Maintenant, je vous envoie un spiritual tchèque. Eh oui, les chants religieux chrétiens des Noirs des Etats-Unis ont aussi trouvé leur auditoire au coeur de l'Europe... Très populaires sous le régime communiste, ils étaient, pour les musiciens et mélomanes, une sorte de révolte contre l'absence de liberté, contre le mensonge et la violence... Fou amoureux de la musique sacrée américaine, un groupe d'étudiants tchèques a créé, en 1960, un ensemble musical, baptisé Spiritual Quintette. Aujourd'hui, ses chansons sont toujours d'actualité et le groupe passe pour une légende sur la scène musicale tchèque. Il s'est produit devant les Présidents Vaclav Havel, Bill Clinton, il a même eu un très grand succès lors de sa tournée américaine...

Katerina Andrsova est professeur de musique. Elle a 32 ans, elle vient d'une petite ville de Bohême centrale, mais depuis ses études universitaires, elle vit à Prague. Katerina est issue d'une famille protestante. Petite fille, elle allait souvent voir son oncle, qui était pasteur.

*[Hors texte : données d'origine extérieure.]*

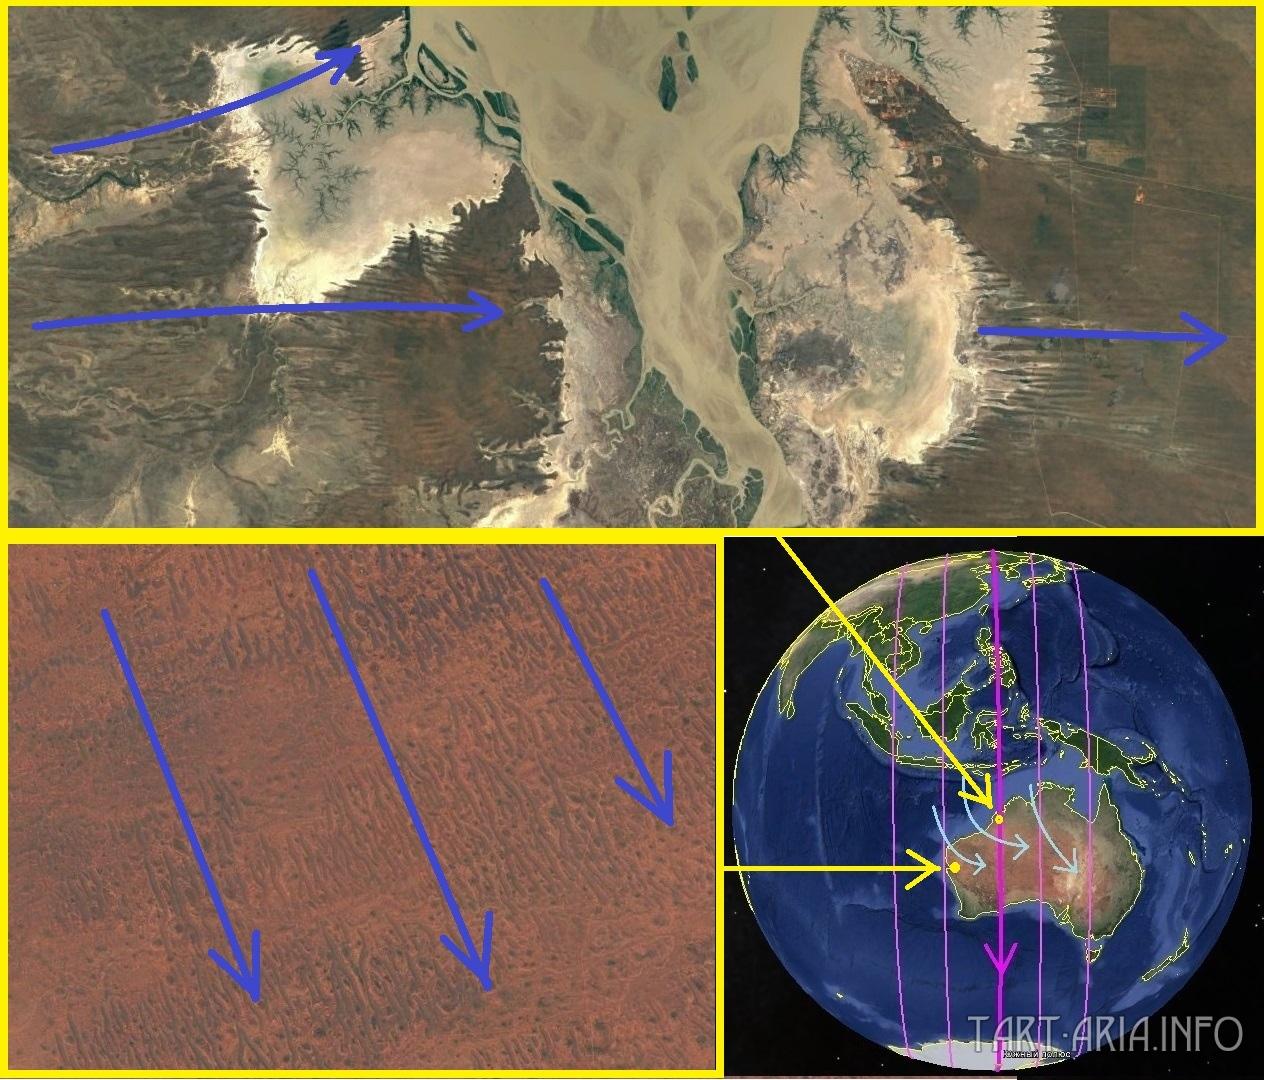 Карта. Сдвиг полюсов. Австралия шар общий вид 5

"Il me prêtait des livres, on discutait beaucoup de la foi. Mais pendant très longtemps, il a refusé de me faire lire la Bible. J'étais curieuse, mais il me disait toujours d'attendre, que la Bible était difficile à lire, qu'elle ne se dévorait pas comme un roman. Il voulait que j'apprenne d'abord à réfléchir d'une certaine façon, au lieu de me ruer tout de suite sur les histoires que raconte la Bible. Il me disait que je ne les comprendrais sûrement pas."

Le moment opportun arrive quand Katerina fête ses vingt ans.

"Chacun a, de temps en temps, l'impression qu'il faille absolument lire quelque chose de la Bible. Moi, j'ai commencé par le Nouveau Testament, mais ce qui m'a captivé beaucoup plus, c'est l'Ancien Testament. Je pense que l'homme y est décrit tel qu'il est vraiment, avec ses côtés négatifs aussi. Certaines histoires sont assez dramatiques. C'est tout, sauf la vie 'en rose'."

Et quand on a un problème personnel, qui nous tracasse, qui trouble notre sommeil... La Bible peut-elle nous donner une réponse ? Voilà l'expérience de Katerina...

"La Bible n'est pas pour moi un mode d'emploi qui nous dit quoi faire, comment se comporter. Mais il est vrai que quand on doit, dans la vie, prendre une décision importante, on devrait retrouver son calme intérieur et se concentrer sur sa foi en Dieu. De toute façon, c'est lui qui va décider. Quand les choses ne se passent pas comme on veut, il se passe ce qui est mieux, disait Martin Luther... Mais ceci ne veut pas dire être passif ! L'homme n'a pas le dernier mot, c'est tout..."

Pour terminer, une chanson de Karel Kryl et, une fois de plus, les propos du prêtre Tomas Halik. "Il serait naïf de penser que la Bible va apporter des réponses simples à toutes nos interrogations. Elle répond à des questions fondamentales de la vie, mais l'homme se pose aussi des questions bien spécifiques, où la consultation d'un seul livre ne suffit pas. Dans la tradition chrétienne, la Bible fait partie de la culture générale. Aujourd'hui, il faut lire la Bible, et aussi être ouvert à notre culture moderne. Et chercher les ponts qui relient ces deux mondes assez différents."